Nowadays it is perfectly possible to build an audio system with no bass cut-off, response to DC. The immediate problem is that 1st-stage DC errors tend to be not-small compared to signal levels. e-Guitar delivers 200mV audio but a TL072 can have 5mV DC error. Amplify this to 20V at the speaker, that's a half-Volt of DC at the speaker. Won't kill it, but uses-up a good part of the available cone motion, adds heat to power-amp and voicecoil. And is useless: speakers can't deliver "DC pressure" (unless in a sealed room), and no music uses DC pressure changes (equivalent to barometric changes).

And some sources have strong subsonics. Studios with air blowers may be well-muffled above 50Hz, but fan rumble rises at lower frequency, good bass filters are HUGE, it is not unusual to have 90dB SPL below 20hz. Record-players (still around!) tend to have a 1.8Hz thump plus various bearing grumbles. All amplifiers have 1/f noise, apparently rising to infinity at zero frequency. I have seen 1/f noise saturate a phono system (cause power-amp DC protection relay to cut-out).

Practical speakers are flat to 100Hz-50Hz. You can't hardly hear a 1dB droop. So it is reasonable to design a Reproduction System for less than 1dB at 50Hz, or (for a single pole) -3dB at 25Hz.

That's a "DC" system with ONE pole bass cut. Typical systems are many stages with coupling caps at every stage. Easily six or ten 1-pole filters in cascade. If each is -1dB at 50Hz, you wind up at -10dB 50Hz which IS a big drop. In simple systems, you pick one or two bass-cuts near the bottom of your audio band, and set the others a few octaves or more below that.
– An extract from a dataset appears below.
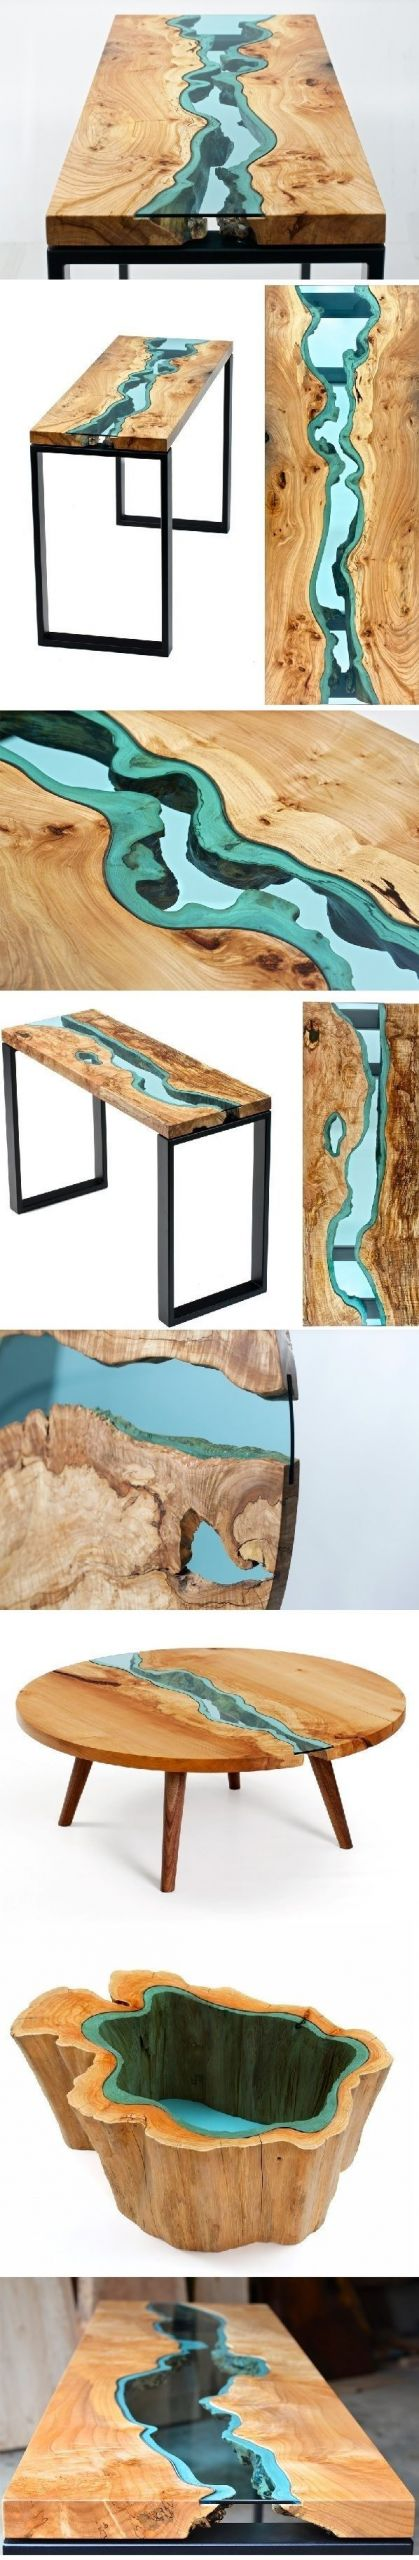 cc4e3848f45db355fc525f80 unique furniture resin wood furniture

> filters and frequencies that can cause problems.

Everything filters. Both guitar pickups and loudspeakers use overlapping high and low pass effects to get some semblance of "flat". Not quite flat, we may filter-away some error. And dead-flat is not the goal in music Creation-- we want final spectra which is "pleasing". Strings are heavy, string vibrations are mellow. We use small thin shells (violin, guitar) or velocity pickups (e-guitar) to bring up the overtones. Harmonics above the 7th or so are un-musical, we use bridges or speakers that cut-off extreme treble. (At 4KHz-8KHz, mechanical filters can give much sharper cutoffs than any few R-C networks; look at the high end of a guitar-speaker's response compared to a 3-pole Butterworth, or the many-RC filter on some speaker simulators.)